Amazon objected to SpaceX’s latest request, saying that it shouldn’t have combined two potential deployment strategies in one proposal.

“To this simple problem, Amazon proposed a simple remedy: settle on a single constellation proposal (as all others do) and resubmit the amendment,” Keisner wrote. “Instead, SpaceX chose a more complicated path — one that involves misinformation, ad hominem attacks, and a belief that it can influence regulators via social media.”

On Twitter, for example, SpaceX CEO Elon Musk took particular aim at Amazon founder Jeff Bezos, who stepped down from the company’s CEO role in July. “Turns out Besos retired in order to pursue a full-time job filing lawsuits against SpaceX,” Musk wrote in a tweet that misspelled Bezos’ name. In another tweet, Musk joked that the solution might be to “zap him on the head with our space lasers.”

Today’s footnote-laced letter touches on occasions when SpaceX and Musk’s other main venture, Tesla, stirred up regulatory controversies — including an unauthorized test launch of a SpaceX Starship prototype that ended in an explosion last year, questions about the construction of a Starship launch tower, Tesla’s tiff over a shelter-in-place order during the coronavirus pandemic, SpaceX’s lawsuits over launch contracts and a controversy over the design of Starlink antennas.

Most of those cases were resolved to allow SpaceX and Tesla to move forward.

“If there is anything kind to say about SpaceX’s approach, it is that it has been effective in achieving SpaceX’s goal of avoiding both the rules and any sanction for flouting them,” Keisner wrote. “But SpaceX’s run of success with this strategy may be coming to an end.”

Keisner referred to last year’s award of $885 million in federal subsidies to SpaceX for boosting rural broadband internet access.
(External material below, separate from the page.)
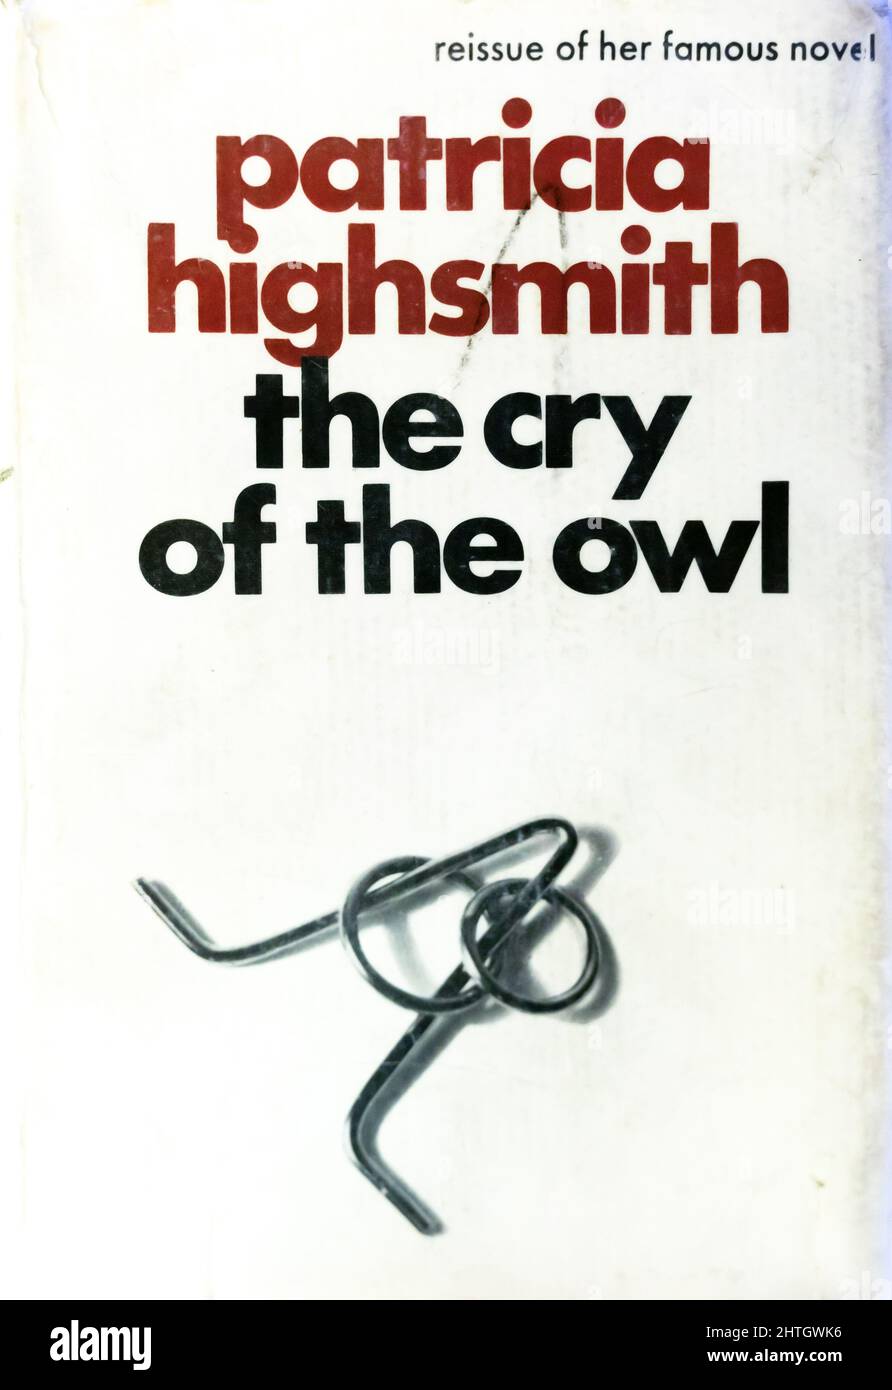 Copertina del libro di Patricia Highsmith Thriller romanzo psicologico The Cry of the Owl pubblicato per la prima volta nel 1962, questa edizione da Heinemann, Londra Foto Stock

In the months since then, some complained that money from the subsidy program was going to areas that are already well-served with broadband, or to provide access in areas such as golf courses, traffic islands and parking lots.

In July, the FCC sent a letter to SpaceX and scores of other subsidy recipients, giving them the opportunity to withdraw funding requests “where significant questions of waste have been raised.”

Keisner said the FCC’s letter “provides some hope that a change in SpaceX’s results will prompt a change in its tactics.” But he also issued a warning. “If SpaceX and Musk continue to hold themselves above the rules, they should buckle up: they will only draw further protest from Amazon and others who want to see rules applied to everyone equally,” he wrote.

Update for 10:20 a.m. PT Sept. 10: SpaceX responded to Amazon’s letter by sending yet another letter to the FCC on Thursday. “Another week, another objection from Amazon against a competitor, yet still no sign of progress on Amazon’s own long-rumored satellite system,” David Goldman, SpaceX’s director of satellite policy, wrote in the letter.

Goldman said Amazon’s latest objections were “wholly irrelevant to the current proceeding” and called on the FCC to put SpaceX’s application out for comment from all members of the public, “including Amazon’s legion of lobbyists and lawyers.”

Meanwhile, Viasat filed its own objections to SpaceX’s doubled-up request for an amendment to its license and said Amazon’s Project Kuiper “has correctly noted that this request is fundamentally inconsistent” with the FCC’s rules.